▶ Task prompt:
All that is needed is each line of the entries holding the word "gauche", copied as it stands.

[Input for this task Boundary: Start]

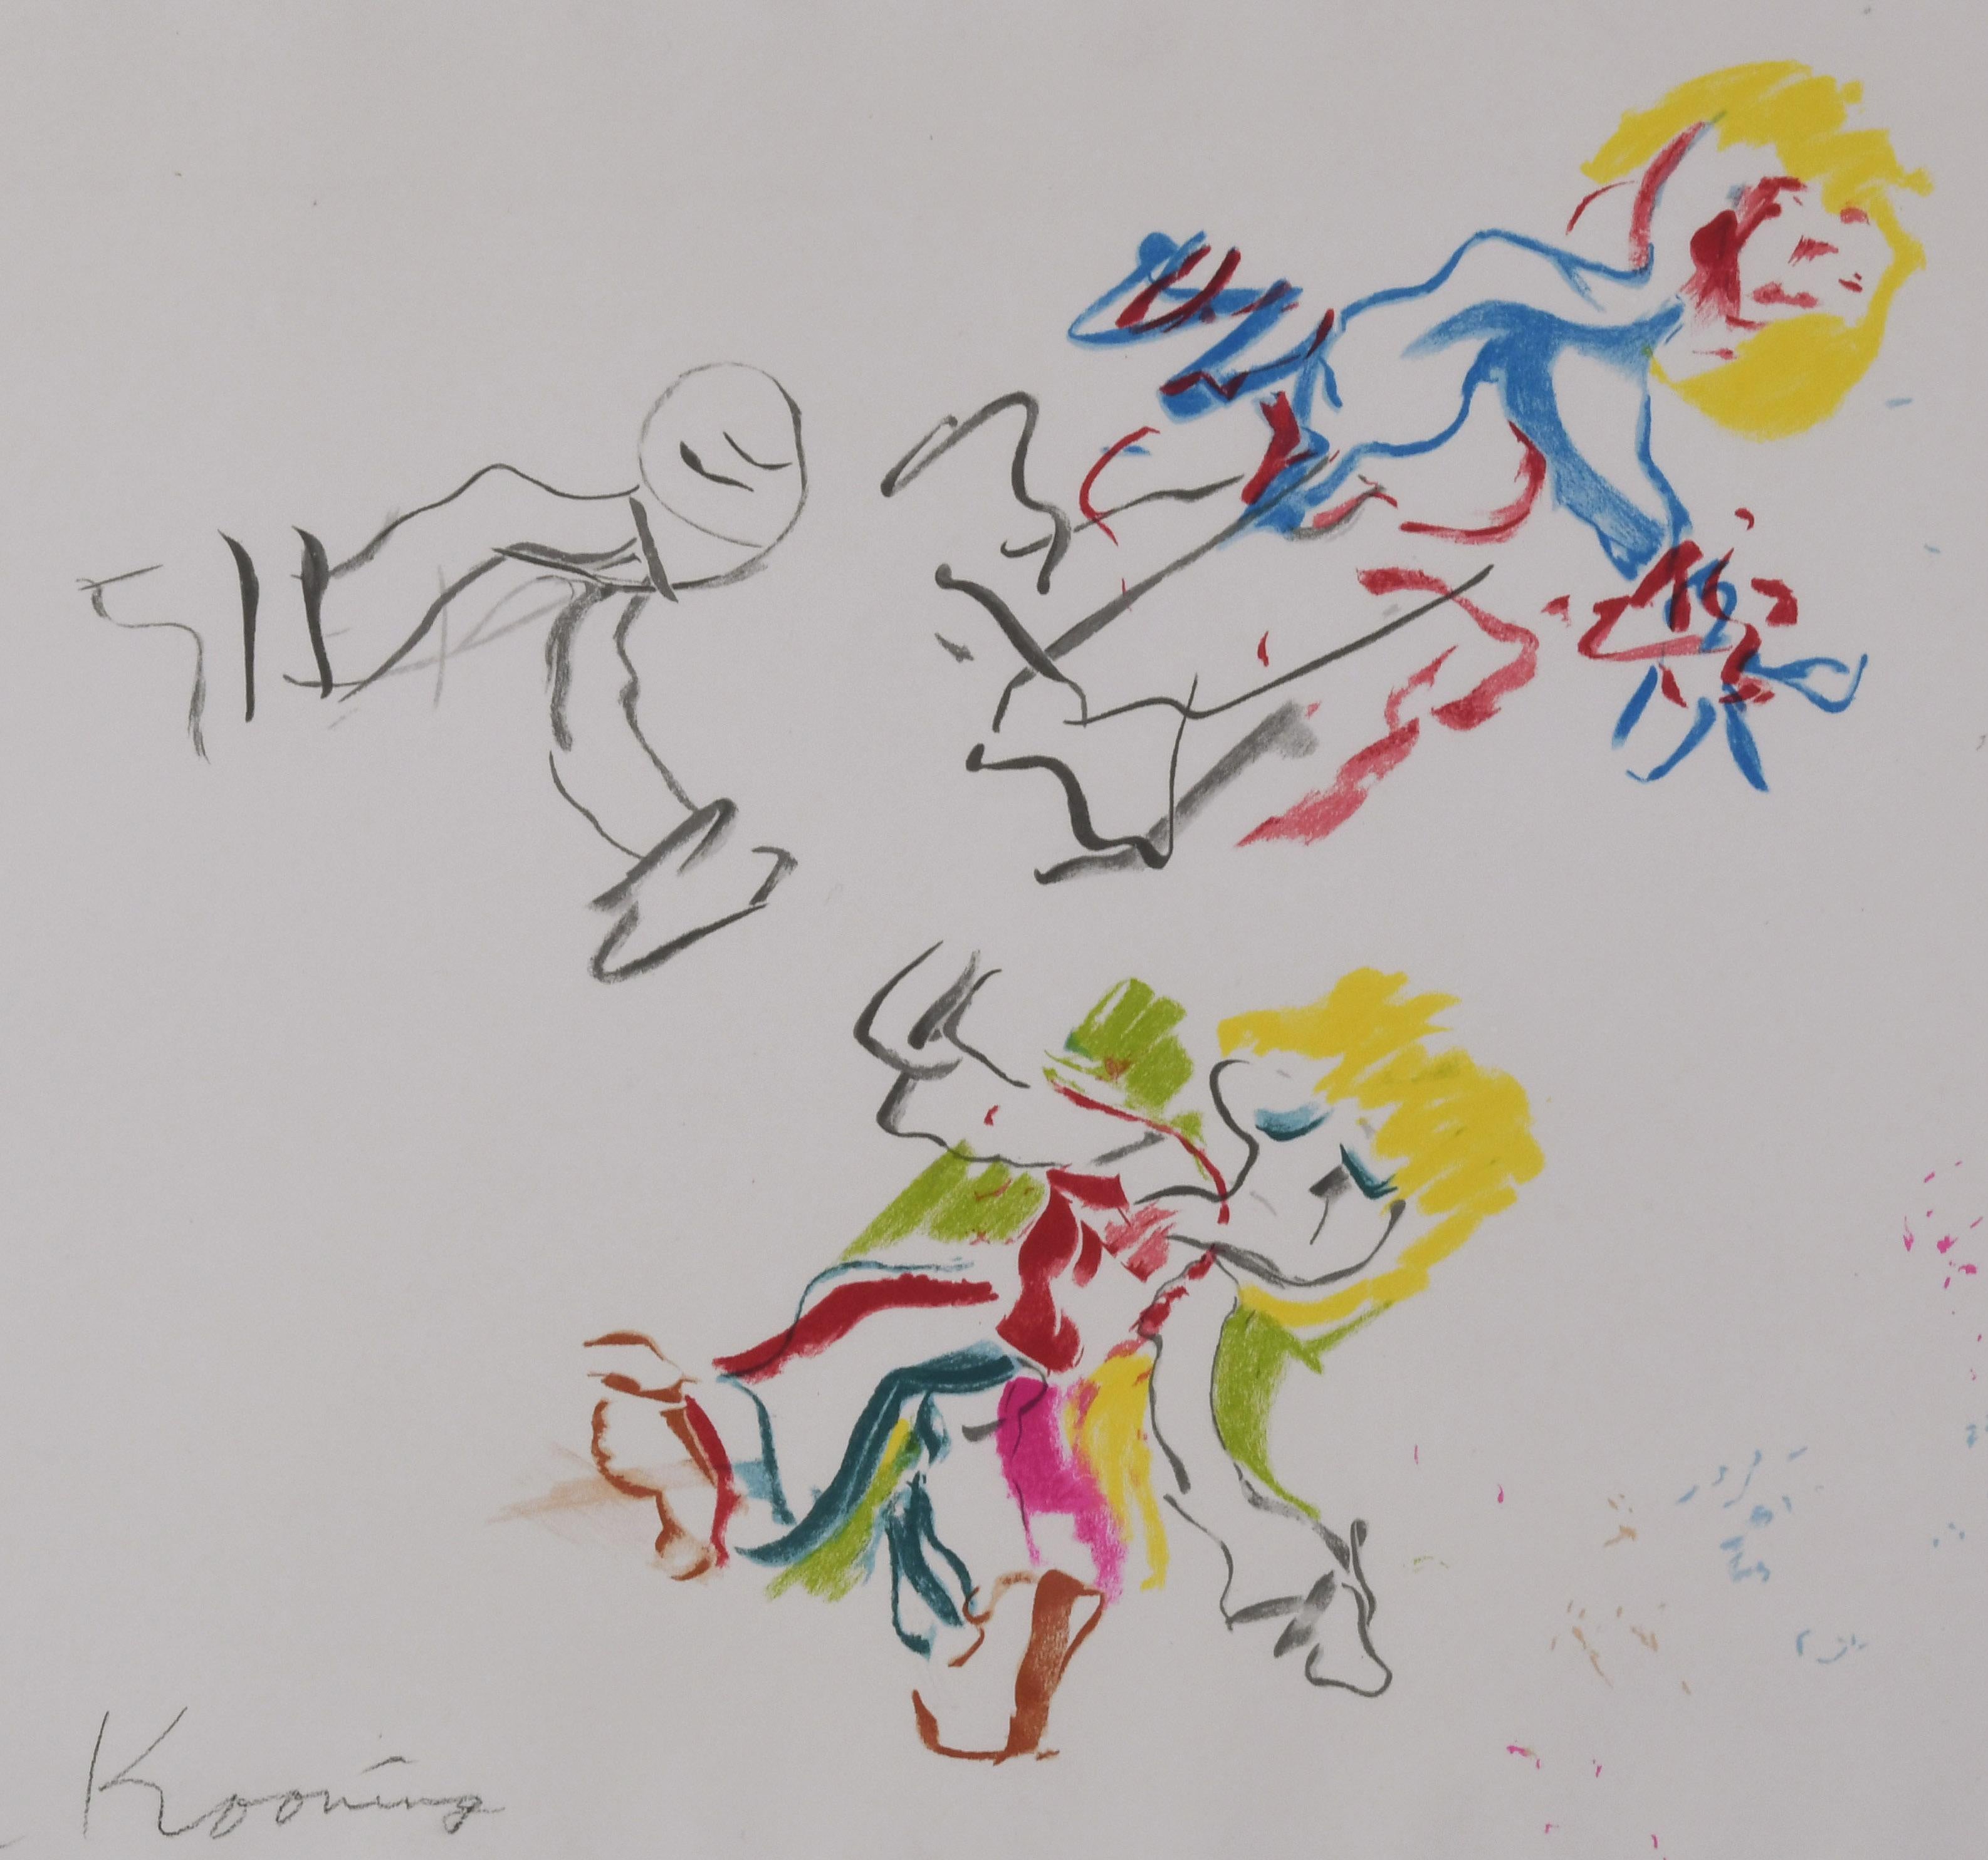 Pour Lisa
Lithographie en couleur, 1984
Signé au crayon en bas à gauche (voir photo)
Numéroté dans le coin inférieur droit
Publié au profit du Los Angeles Children's Museum
Imprimé par Brand X Editions New York, leur tampon en bas à gauche.
Edition
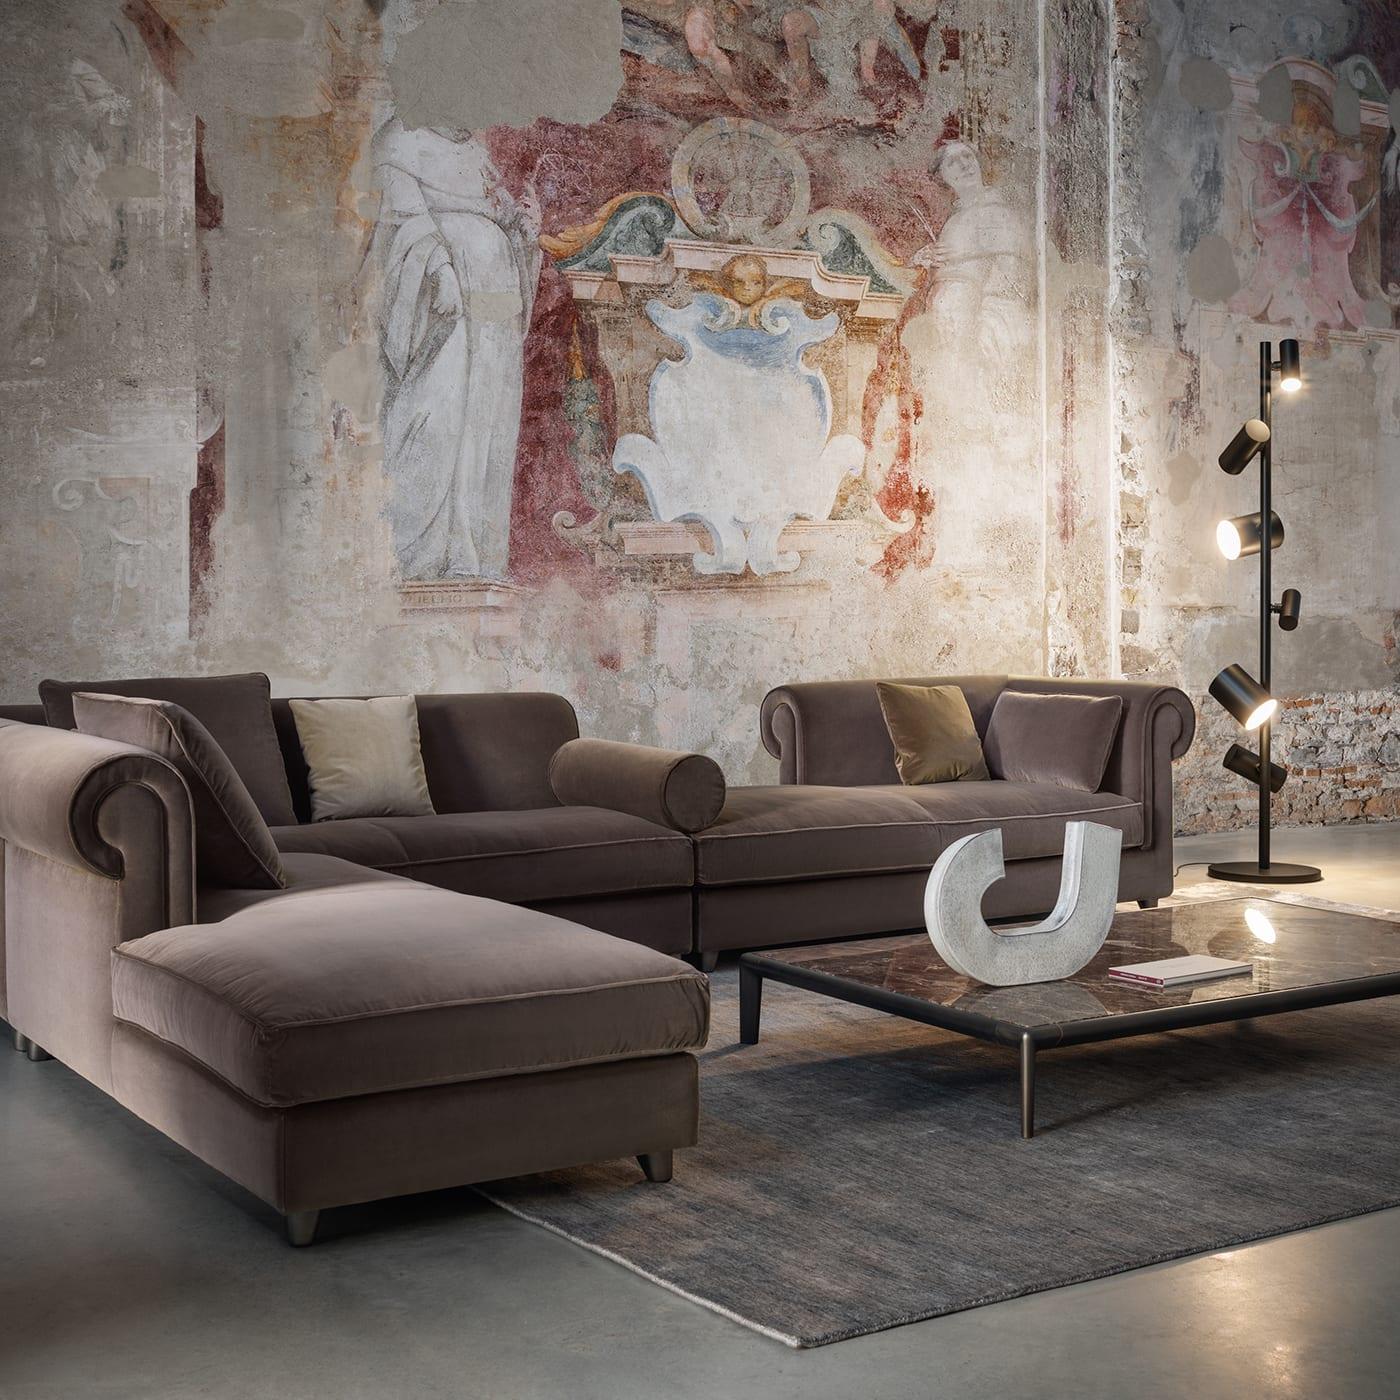 Benannt nach der berühmten Stadt an der italienischen Riviera und mit ihrem exklusiven Charme setzt dieses eckige Sofa einen stilvollen Akzent in weiten modernen Wohnräumen. Der neutrale Farbton seiner Stoffpolsterung macht ihn vielseitig und
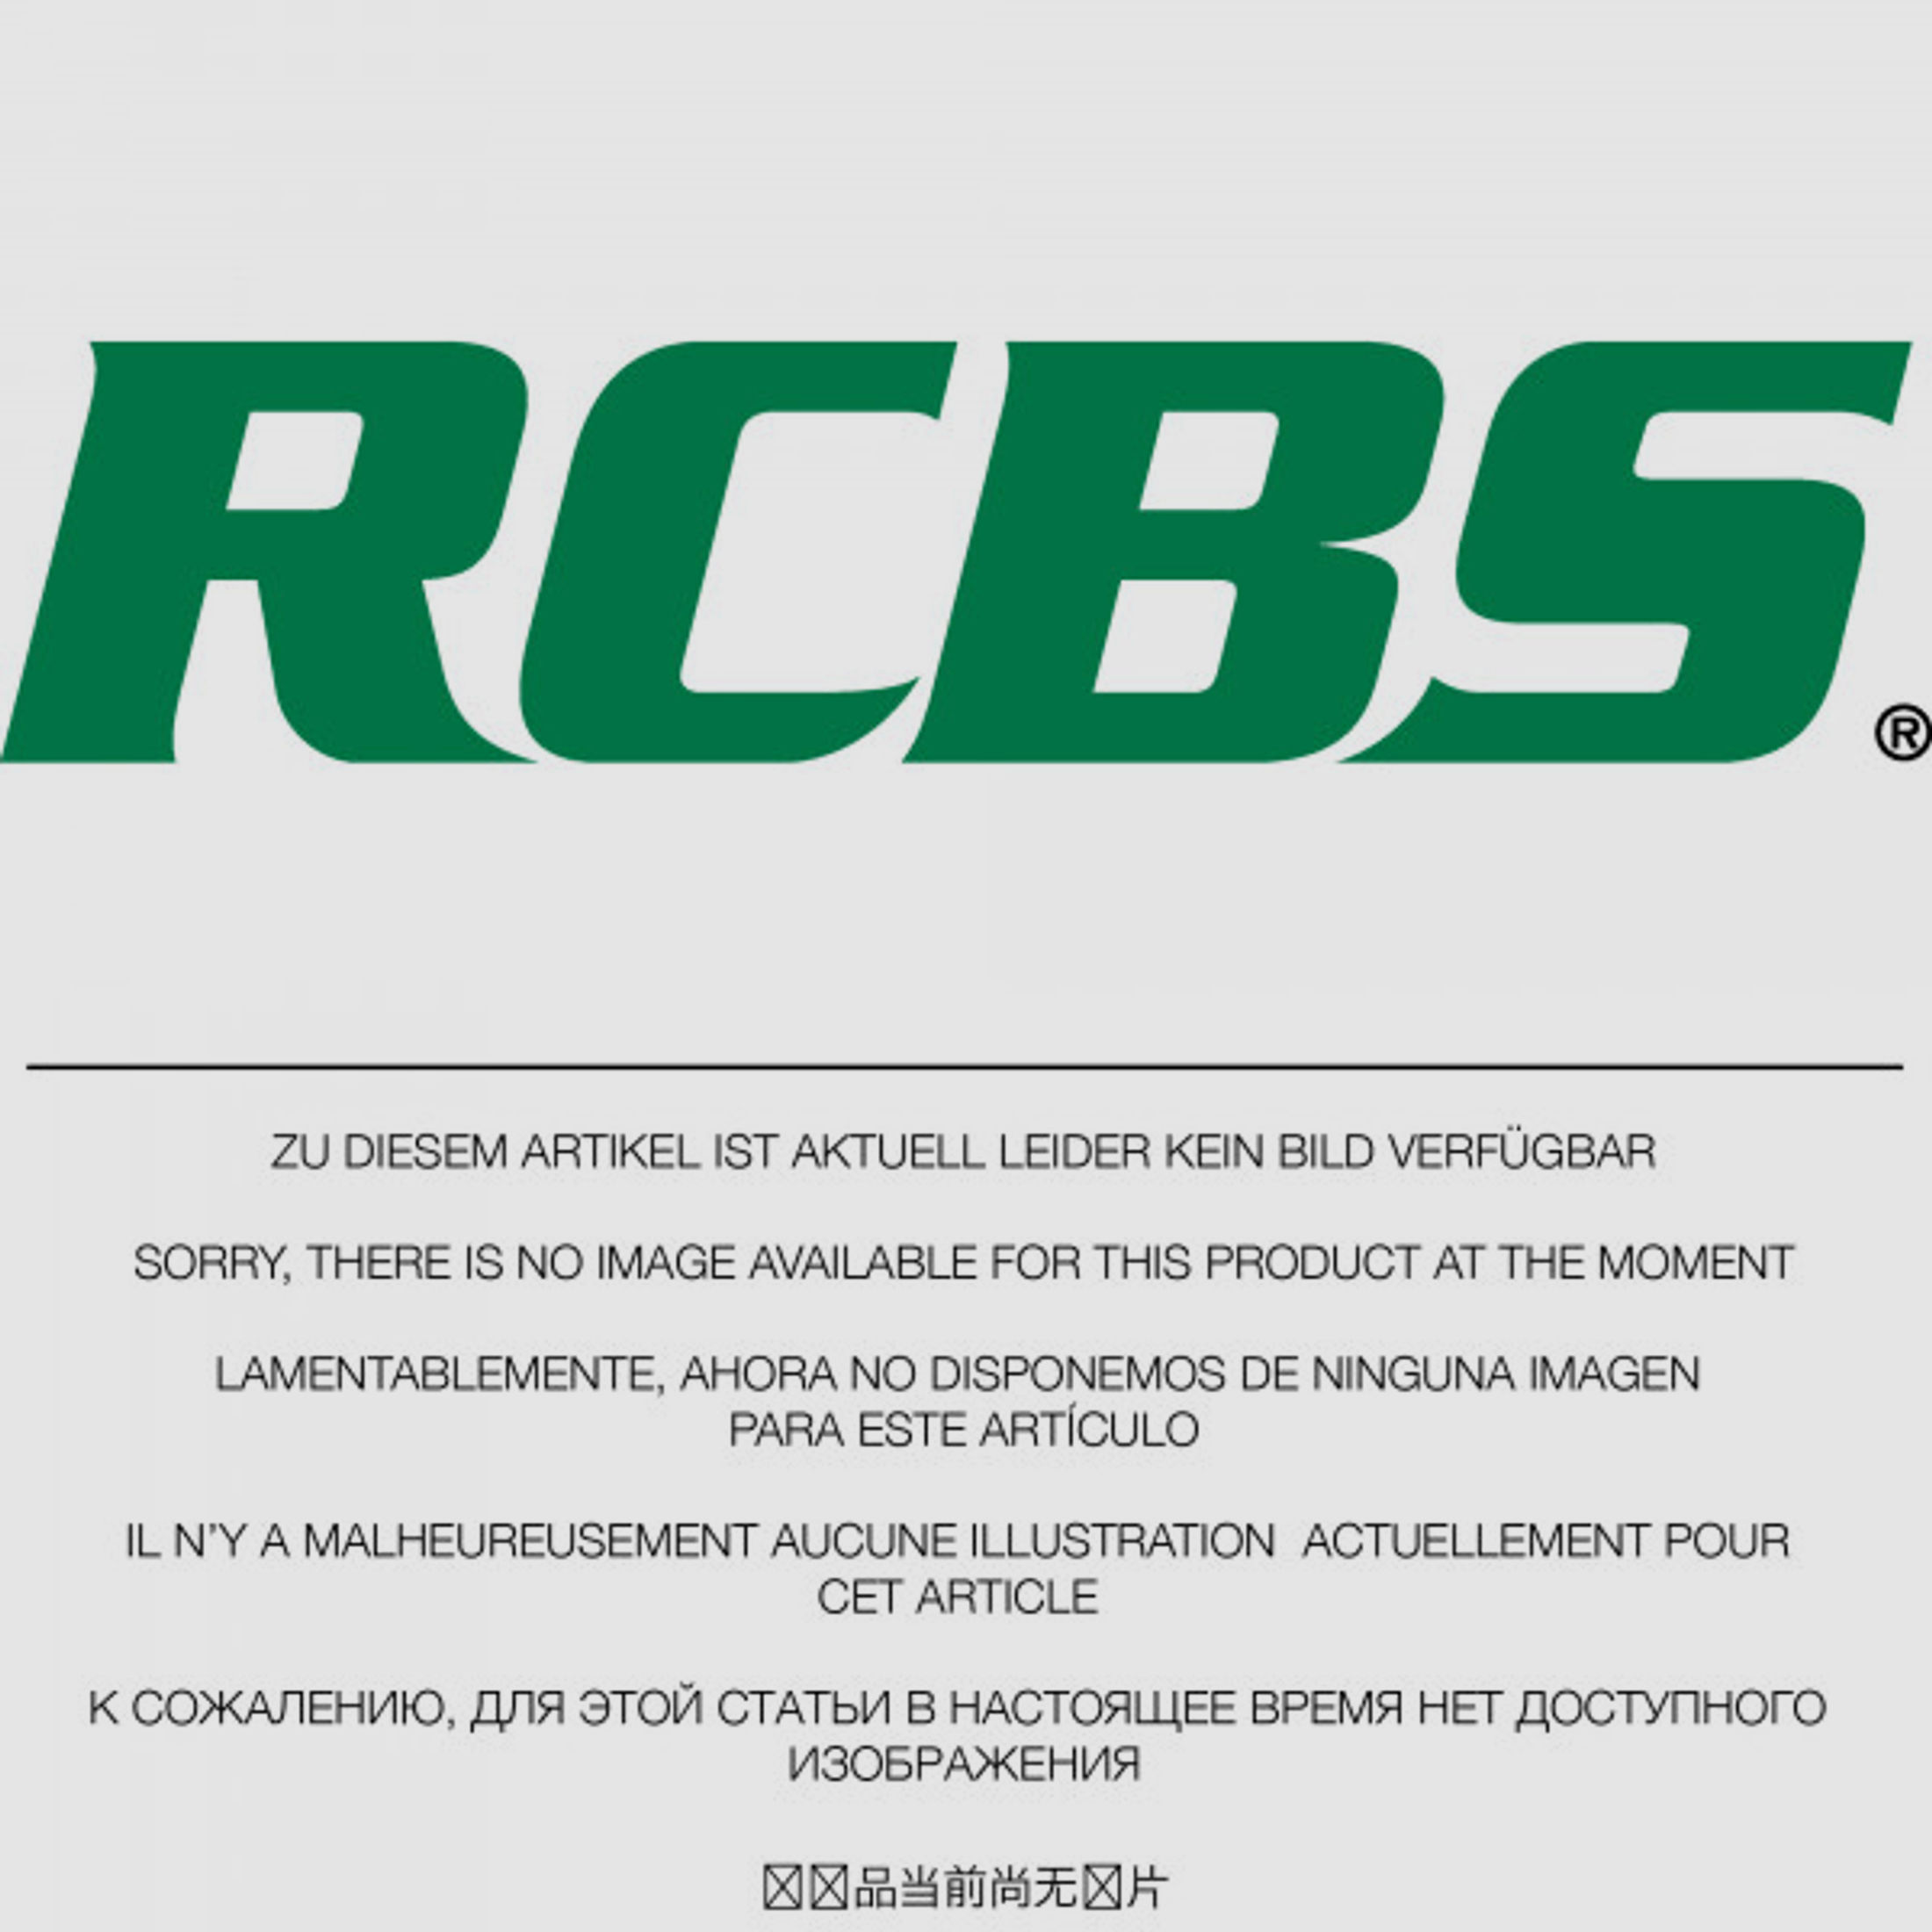 RCBS Lube-A-Matic Top Punch Geschoss Setzstempel Nr. 636 #85636

[Input for this task Boundary: End]

▶ Solution:
Signé au crayon en bas à gauche (voir photo)
Imprimé par Brand X Editions New York, leur tampon en bas à gauche.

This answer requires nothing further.